Angiotensin-converting enzyme inhibitors as a cause of isolated angioedema in a Slovenian population.

Introduction

Angioedema (AE) is a localized swelling of the subcutaneous tissue and/or submucosa. A sudden local increase in the permeability of capillaries and post-capillary venules causes a fluid shift from plasma to interstitium. A number of mediators can increase microvascular permeability; for example, histamine, arachidonic acid metabolites (prostaglandins, leukotrienes), and bradykinin. Based on the physiological mechanism, AE is divided into two major groups: mastocyte-mediator-induced AE (histaminergic AE) and bradykinin-induced AE (1).
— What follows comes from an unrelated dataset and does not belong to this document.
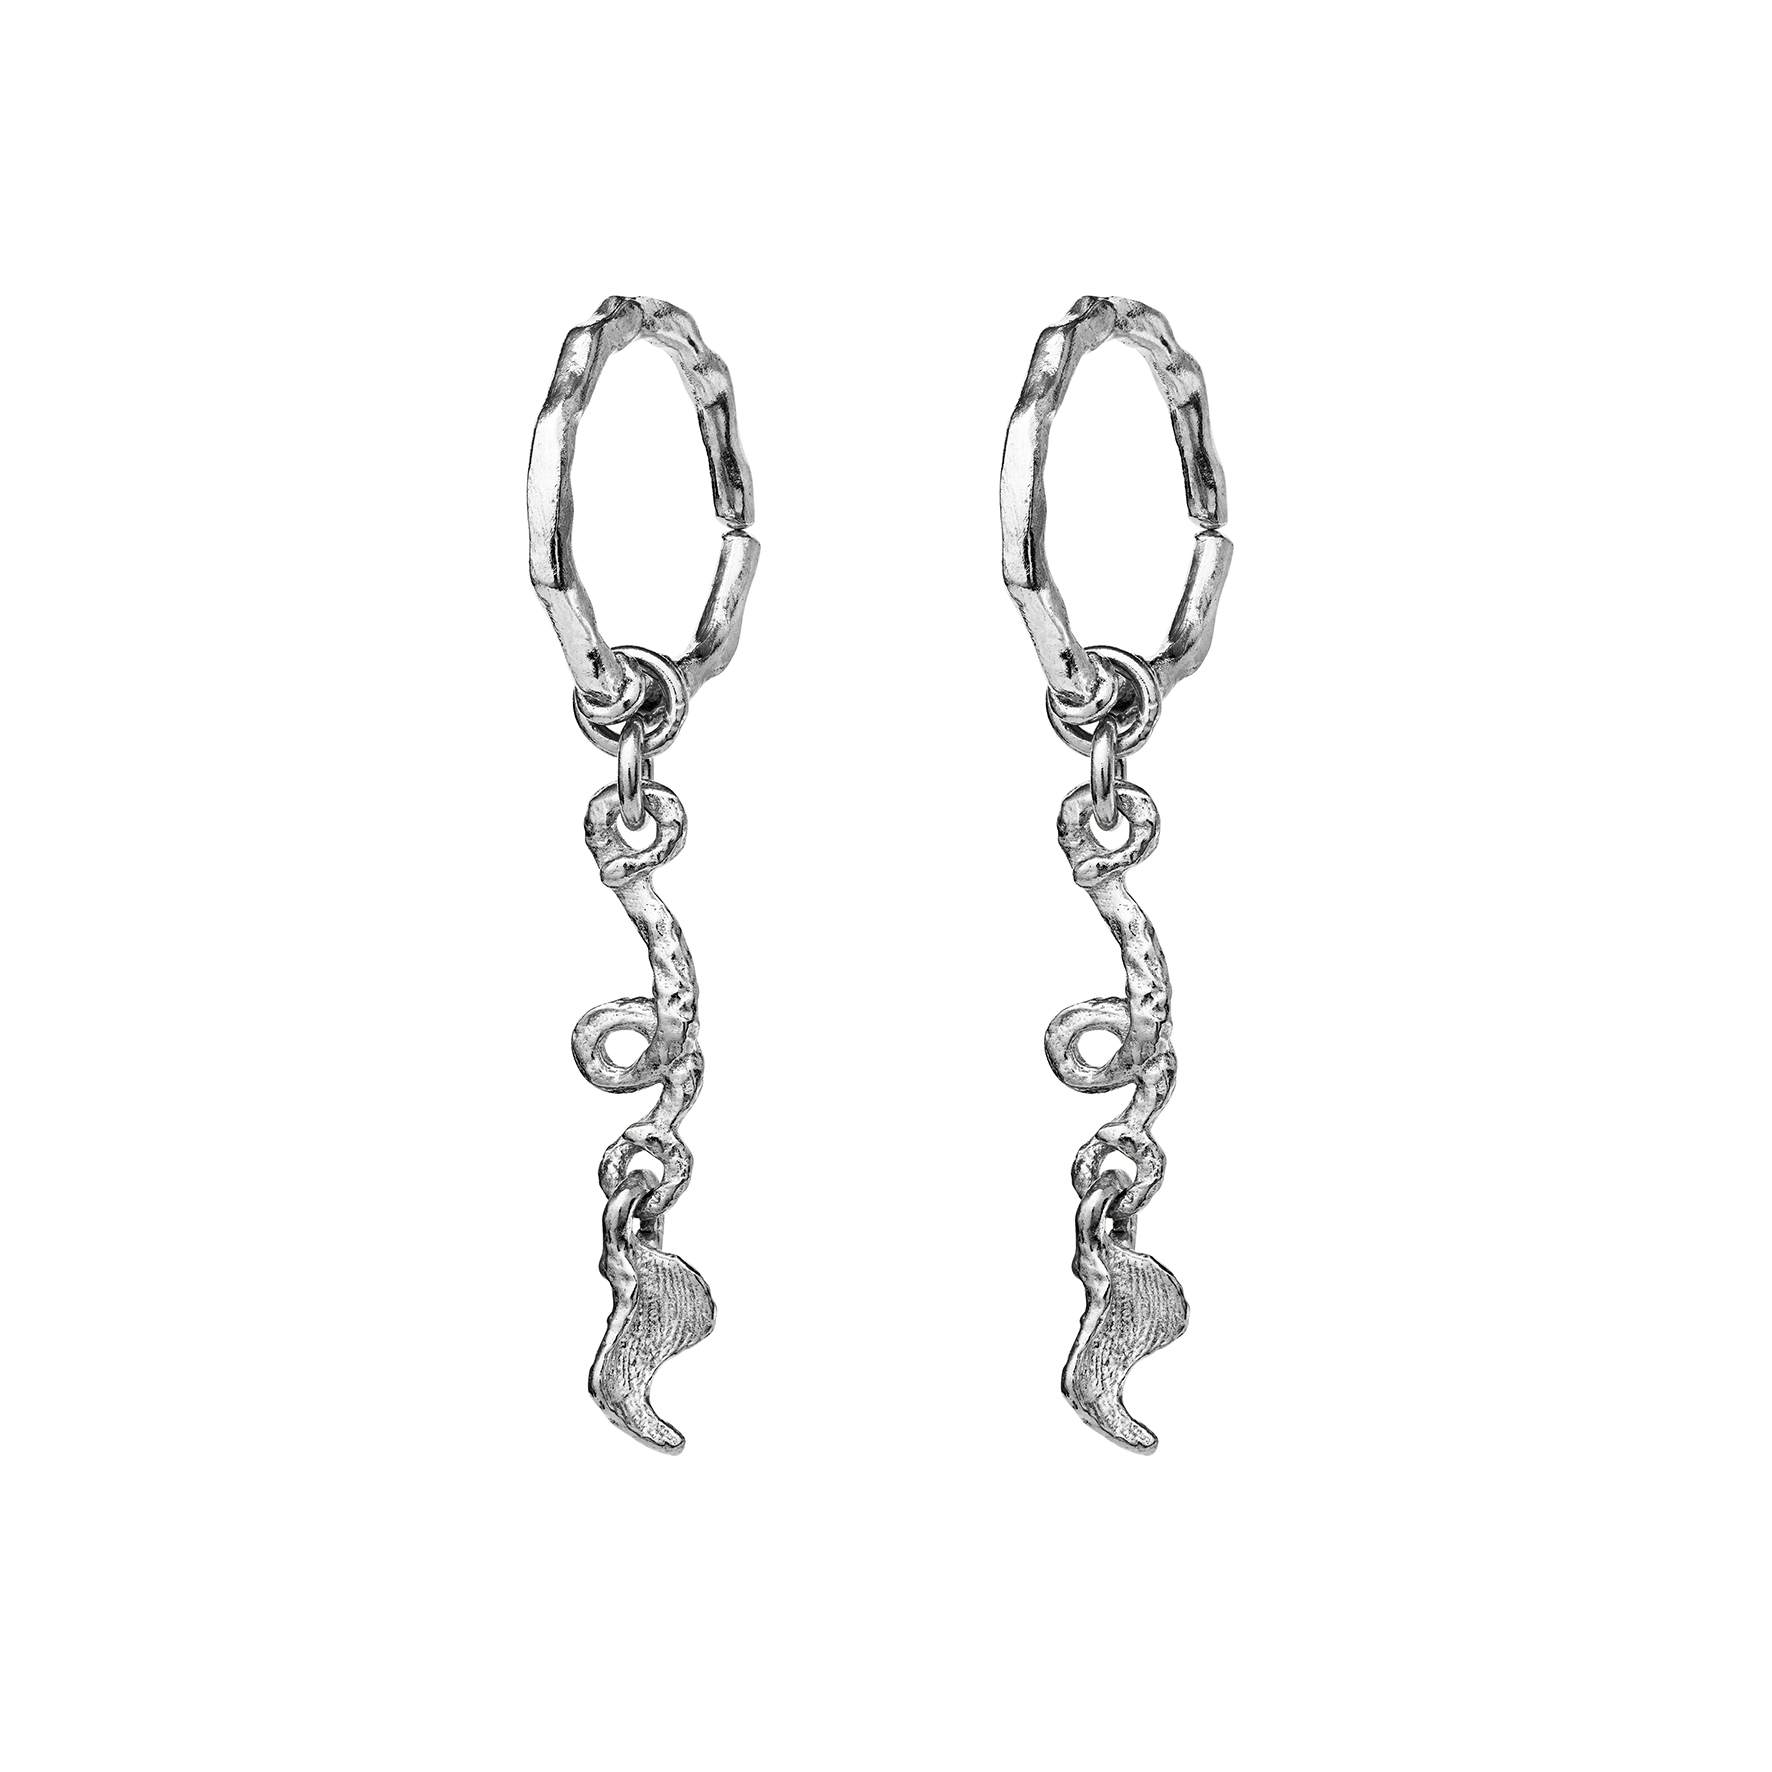 Crawda Earrings from Maanesten in Silver Sterling 925

Episodes of swelling develop in minutes to hours (1). The skin over the AE may be erythematous or have a normal skin color. AE may be painful. Pruritus is rarely present (2). When AE is not accompanied by urticaria it is called isolated AE (3). AE most frequently involves the tongue, lips, face, and, less frequently, the extremities, genitalia, or intestines (4). When AE involves the tongue or larynx, it is a life-threatening condition due to the risk of suffocation (5). In many patients, the etiology of AE is remains unknown and a diagnosis of idiopathic AE (IAE) is made (4).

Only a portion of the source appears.